Впрочем, не стоит тут рисовать образ безупречного святого, да и сам Платон Лебедев на него не претендует. Это просто клиент, представляемый субъективным взглядом защитника с учетом специфики ситуации, в которой нам пришлось общаться, и не более того.
И для начала – его биография, начинающаяся довольно ординарно. Родился в Москве 29 ноября 1959 года. После школы трудился учеником слесаря-инструментальщика на одном из московских предприятий. Образование получил в Академии народного хозяйства им. Плеханова, после чего на титульном листе его трудовой книжки в графе «профессия» появилась надпись – «экономист». В июле 1981 года был зачислен в плановоэкономический отдел объединения «Зарубежгеология» Министерства геологии СССР. Это министерство занималось организацией изучения недр страны в целях обеспечения запасами полезных ископаемых потребностей народного хозяйства. Задачей «Зарубежгеологии» было проведение геолого-разведочных работ за пределами СССР. Кстати, именно из «Зарубежгеологии», которую Платон Лебедев покинул в 1990 году, ушли «на вольные хлеба» в зарождавшийся бизнес некоторые его сослуживцы, чьи имена затем мы многократно встречали на страницах «дела ЮКОСа». В частности, речь идет о Леониде Невзлине и Михаиле Брудно.
Они впоследствии рассказали корреспонденту ВВС Мартину Сиксмиту, что первыми стали сотрудничать с Михаилом Ходорковским, создавшим Центр межотраслевых научно-технических программ, от которого и пошло название «Менатеп». И когда понадобился менеджер по линии финансовой деятельности, предложили кандидатуру сослуживца по «Зарубежгеологии» Платона Лебедева. Его характеризовали Ходорковскому как отличного претендента, проявившего себя честным и умелым работником, с репутацией человека, кого «все любят и боятся». «Когда возникала проблема, решал ее именно Лебедев. Он мог впасть в гнев, причем очень быстро, и гнева его боялись, но также любил шутку и был верным другом… Даже его враги были вынуждены признать, что Лебедев – это финансовый гений. Работа была его страстью». Так говорится в книге Сиксмита, названной «Путин и дело ЮКОСа. Борьба за российскую нефть». Продолжая разговор о Лебедеве, англичанин пишет: «Когда он пришел в Менатеп, то быстро навел там порядок, которого до этого там заметно не хватало. Он подвел под все дело солидное финансовое основание и держал денежные потоки под твердым контролем. Высокий, импозантный мужчина с рано поседевшими волосами, Лебедев олицетворял собой власть. Его финансовые способности помогли в последующие пятнадцать лет получать большие доходы по мере того, как вся команда молодых предпринимателей создавала деловую империю, ворочавшую миллиардами долларов»[7].

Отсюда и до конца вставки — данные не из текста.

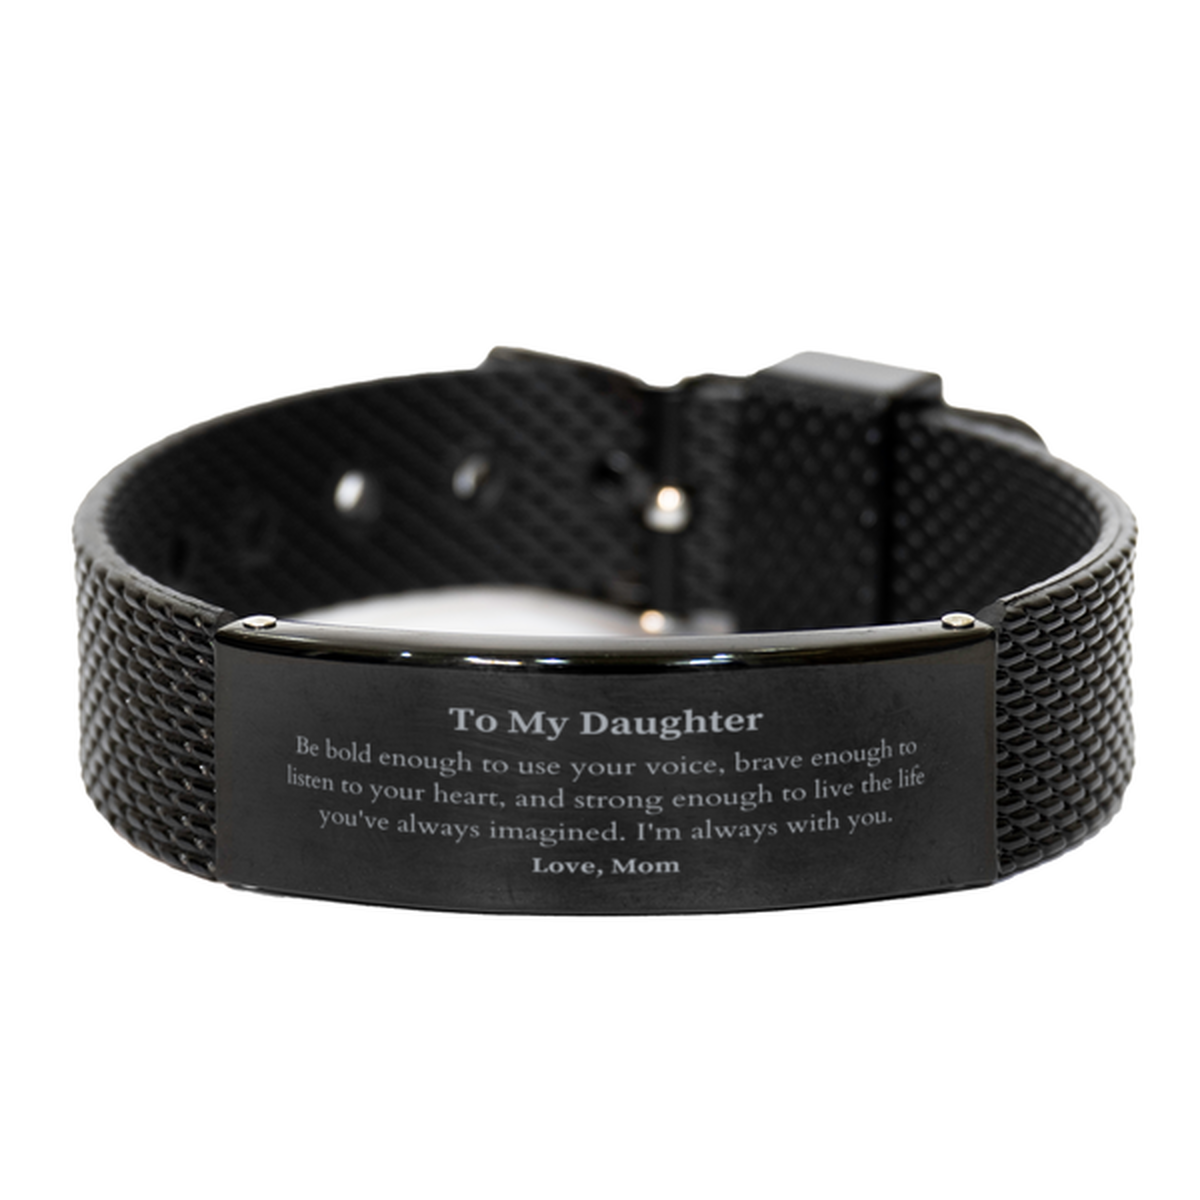 Keepsake Daughter Black Shark Mesh Bracelet Gift Idea Graduation Christmas Birthday Daughter from Mom, Daughter Be bold enough to use your voice, brave enough to listen to your heart. Love, Mom

Сферой дальнейшего применения своих сил, знаний и опыта Платон Лебедев избрал нарождающийся банковский сектор, и уже в июле 1993 года он вырос до президента банка «Менатеп» – одного из первых коммерческих банков России, получивших лицензию Госбанка СССР. Проработав затем относительно недолго в ЗАО «Роспром», он уходит во внутрироссийские структуры ЮКОСа, которые покидает в 1999 году, чтобы сосредоточиться на работе в иностранных организациях. А чуть ранее, в 1997 году, давая интервью журналу «Эксперт» (№ 48 от 15 декабря), Ходорковский относит Лебедева к числу нескольких человек, решающих все существенные вопросы в ЮКОСе, и определяет его как финансового директора группы. К моменту задержания 2 июля 2003 года Платон Лебедев – директор крупной инвестиционной холдинговой компании Group Menatep Ltd. (Гибралтар), председатель совета директоров российского ЗАО «Международное финансовое объединение “Менатеп”», а также председатель совета директоров банков «Траст» и «Менатеп Санкт-Петербург».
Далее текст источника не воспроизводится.